Published 25 February 2010, doi:10.1136/bmj.c1099
Cite this as: BMJ 2010;340:c1099

Editorials
Chronic fatigue syndrome and human retrovirus XMRV

Three studies now refute the original study reporting the link

In the linked case-control study (doi:10.1136/bmj.c1018), van Kuppeveld and colleagues describe their failure to find evidence of a new human retrovirus in Dutch patients with chronic fatigue syndrome.1 The study is the latest contribution to a controversy that has surrounded two conflicting publications on the retroviral aetiology of this syndrome.2 3

The saga started, not with chronic fatigue syndrome or a virus, but with an enzyme (RNaseL) that plays a pivotal role in antiviral defences when activated by the interferon released in response to infection. Variants of the gene encoding this enzyme have been linked to an increased susceptibility to prostate cancer, and this led to the identification of a new virus in prostate tissue that was related to, but different from, known xenotropic murine leukaemia viruses4; hence the designation xenotropic murine leukaemia virus-related virus (XMRV). Sequence analyses showed that it is not an endogenous human virus, and the fact that eight clones derived from eight different patients are slightly different from one another confirms it as a new virus that has found its way into a human population.

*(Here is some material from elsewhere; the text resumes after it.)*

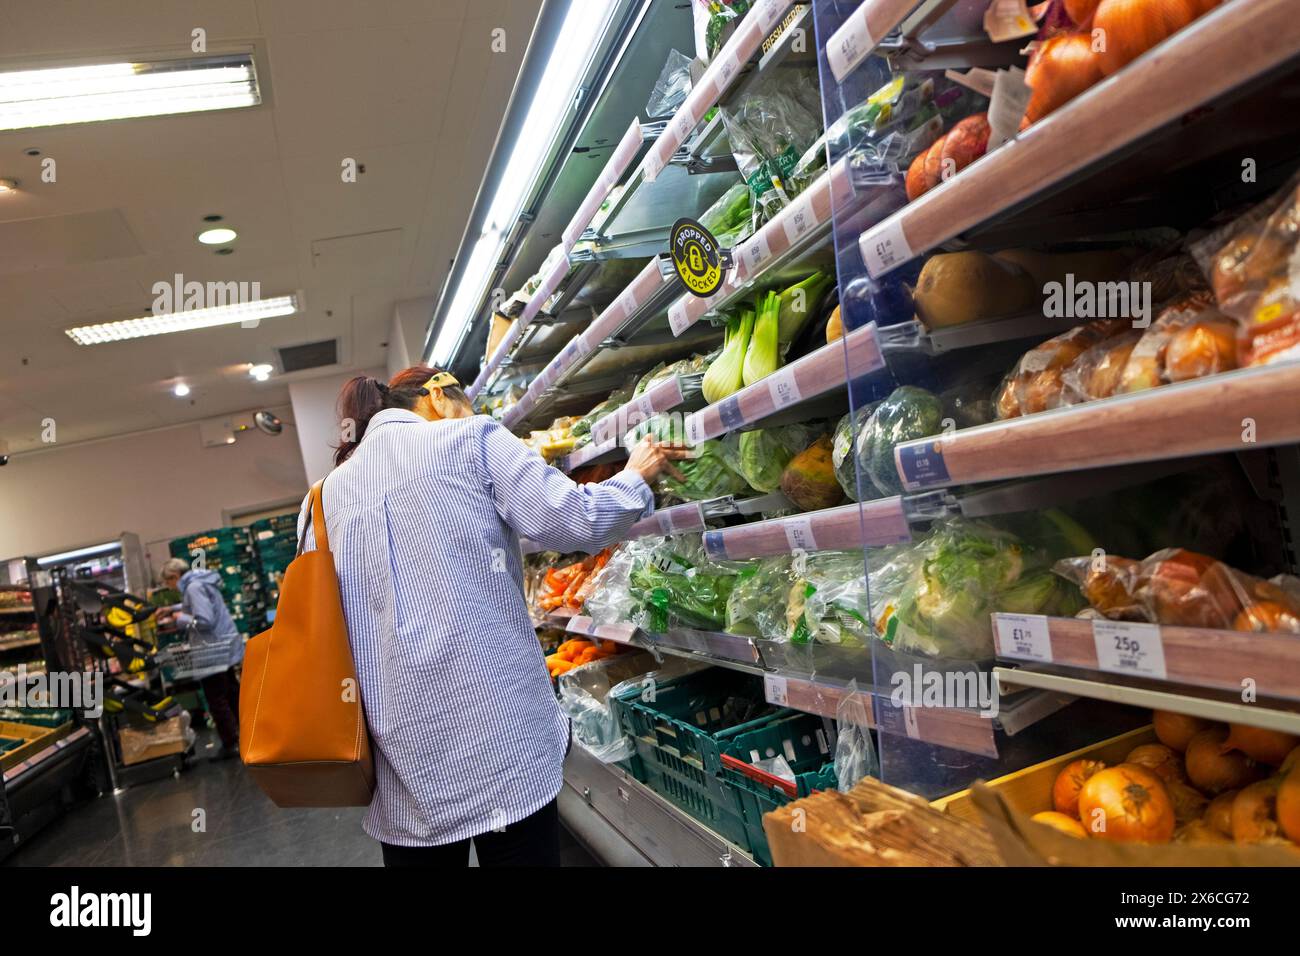 Rückansicht Person Frau, die Lebensmittel Gemüse kauft, Blick auf Blattgemüse in vegetarischen Regalen in der Lebensmittelhalle des M&S Supermarktes UK KATHY DEWITT Stockfoto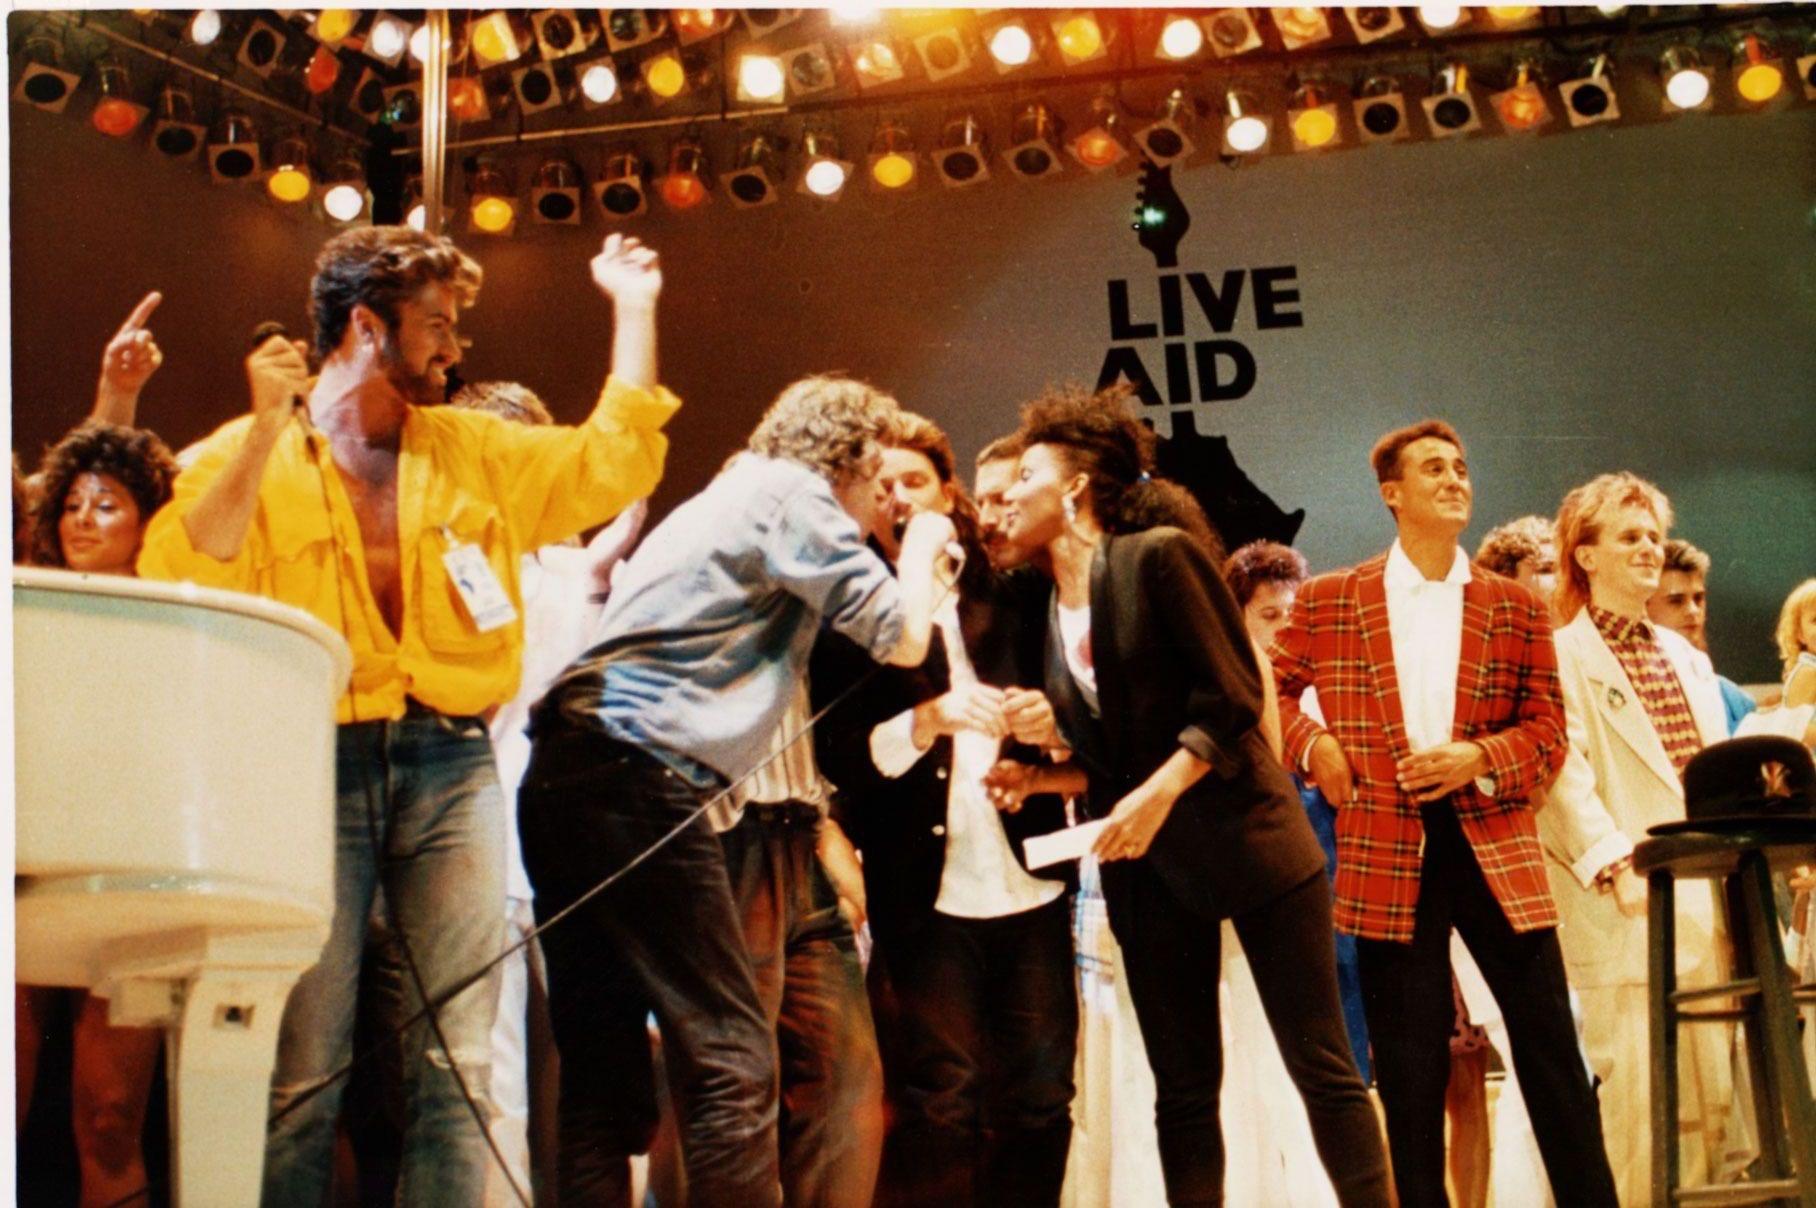 En stor gruppe kjente artister deltok på Live Aid-konserten på Wembley i London i 1985 for å samle inn penger til krisen. F.v.: George Michael, Bob Geldof, Bono, Freddie Mercury, Andrew Ridgley og Howard Jones.

Abnormalities in the RNaseL gene of patients with chronic fatigue syndrome had been reported in some studies,5 but not in others.6 Nevertheless, this prompted the search for evidence of XMRV in patients with chronic fatigue syndrome. The resulting study claimed that 67% of patients with chronic fatigue syndrome were XMRV carriers, compared with 3.7% of healthy controls.2

The news was received philosophically by most retrovirologists, who are used to claims of associations between retroviruses and diseases that fail to withstand the test of time. Most researchers into chronic fatigue syndrome were also sceptical, mindful of the problems of defining the syndrome, its imprecise boundaries, and almost certain heterogeneity. It was not that they doubted a viral cause in some patients because this had already been shown,7 8 but the possibility that any single agent or risk factor could account for more than two thirds of cases seemed implausible on the basis of what has already been established.9

But if the research community was underwhelmed, people with the syndrome were not. If true, these findings would have transformed the understanding of the illness and opened up new avenues of treatment. Some saw this as a definitive response not only to those few professionals who, they claim, continue to doubt the reality of the syndrome, but also to the larger number of professionals who believe that, irrespective of causation, rehabilitative treatments can reduce symptoms and disability. It is depressing that the first, untenable, view is too often confused with the second, a perspective that offers hope to patients and is backed by evidence.

First and foremost, however, as with any discovery, the data must be unequivocal, and the finding has to be confirmed by others. In January 2010, our own group found no evidence of XMRV in a well characterised cohort of 186 patients with chronic fatigue syndrome in the United Kingdom.3 Van Kuppeveld and colleagues study adds to this negative evidence. Although the study is small, the patients are well defined and matched in age, sex, and geographical location. The polymerase chain reaction used to amplify XMRV gene sequences has been well controlled and its sensitivity is sufficient to detect low virus copy numbers. XMRV was not detected in this Dutch cohort, a result that comes in the wake of a third study published this month,10 which also failed to identify XMRV in 170 patients with chronic fatigue syndrome.

There has been much talk of different protocols being used in the four studies. These technical differences are irrelevant provided amplification is controlled by inclusion of a "housekeeping gene"to show that a known human gene can be amplified under the conditions usedand the sensitivity of the assay is known, as was the case in all three European studies.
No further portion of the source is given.